In emergency assistance, latency is a metric signifying liability.

We were building a multi-agent AI system for roadside assistance. Voice agents, supervisor agents, dispatch agents - all orchestrating in real-time to help stranded drivers.

On paper, the initial architecture looked clean. Each agent had its own database connection, authentication flow, and lifecycle. Clear separation of concerns. Easy to reason about and easy to ship.

But the math didn’t hold for a system designed to serve 60,000 daily users.

Where The Maths Breaks

Before a single byte of useful data moves, every database connection pays a fixed cost:

TCP Handshake: ~30ms
TLS Negotiation: ~50-100ms
Auth & Session Setup: ~30-50ms
Total overhead: ~150-200ms per connection.
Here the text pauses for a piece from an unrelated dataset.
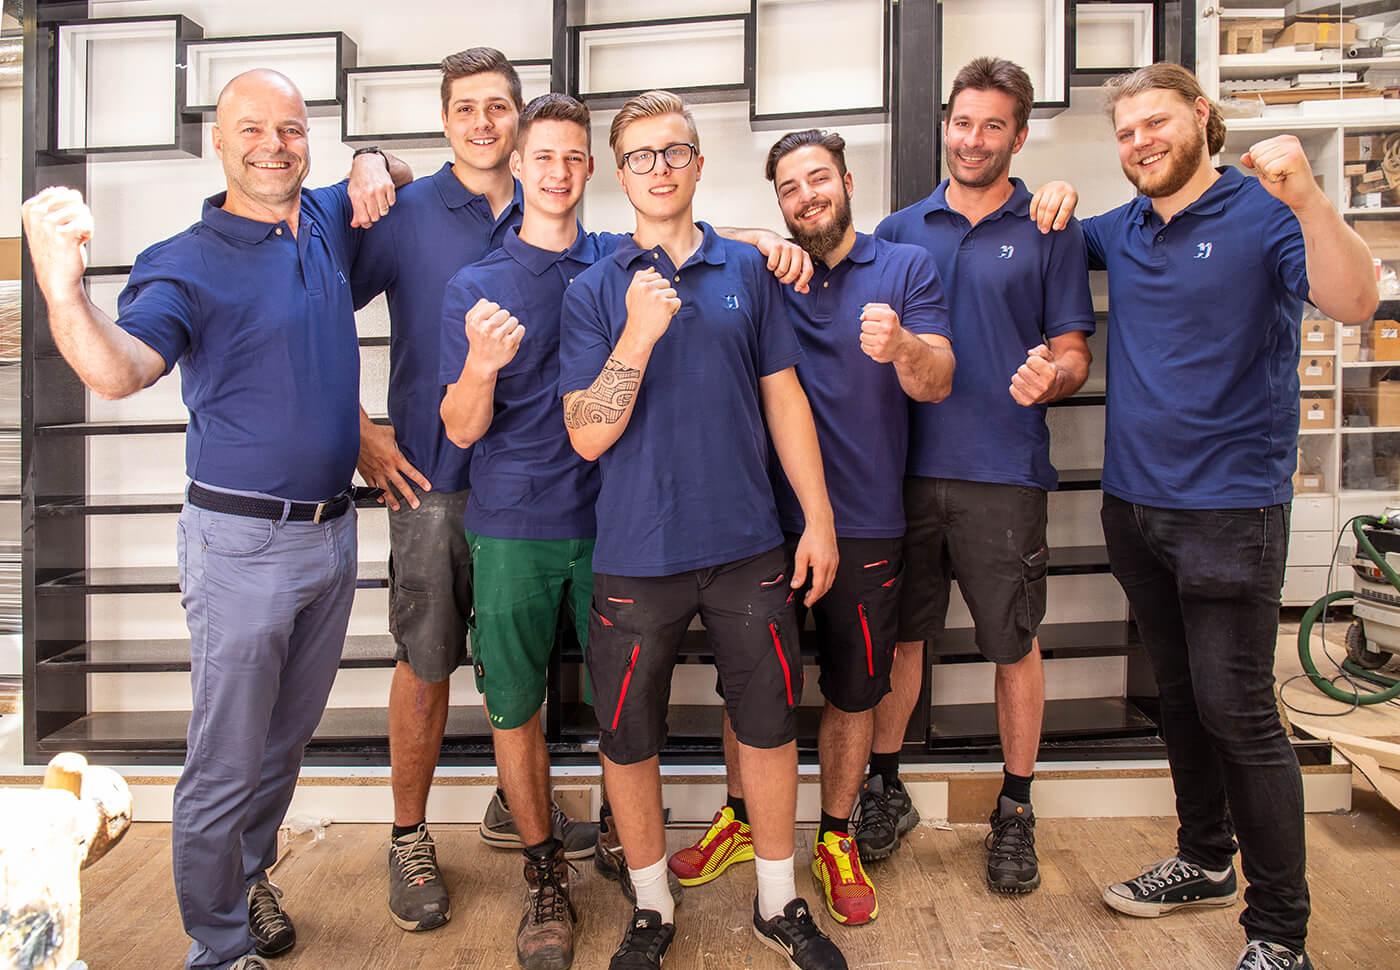 Der beste Lehrling in Kärnten – Tischlerei Hauptmann gewann Landeswettbewerb im ersten Lehrjahr

In our initial design, a single user emergency could trigger 20 sequential agent actions. If each agent opened its own connection, that’s 3-4 seconds of pure network overhead per user. In emergency assistance, 4 seconds is an eternity.
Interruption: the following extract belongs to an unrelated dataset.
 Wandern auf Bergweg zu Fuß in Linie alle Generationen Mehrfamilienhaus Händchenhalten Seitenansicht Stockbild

At full theoretical load, over a million connection attempts daily would push memory requirements into terabyte scale.

Even after accounting for realistic concurrency, connection overhead alone would consume a significant portion of available memory, exhausting our database threads and memory buffers long before we hit peak traffic.

Thus, with independent connections per agent, the system cascades failure as:

  1. Agents compete for connections
  2. Connection pools saturate
  3. Requests queue behind slower queries
  4. Timeouts trigger retries
  5. Retries amplify load

The Pivot: From Isolation to Agentic Concurrency

I thought of the problem statement from the perspective of autonomous vehicle coordination for inspiration, where self-driving cars share a unified, real-time state of the map they are driving on.

Similarly, our agents don’t act in isolation, rather in a swarm. They were part of the same workflow, operating on the same user context, within the same time window.

When a user says "I have a flat tire," the Voice Agent, Context Agent, and Dispatch Agent all need data simultaneously. Here, the database connection becomes a shared highway.

If they fight for separate connections from a standard pool, they create head-of-line blocking. They wait. They timeout. They fail.

Standard connection pooling helps, but it doesn’t solve the core issue: Agentic Concurrency.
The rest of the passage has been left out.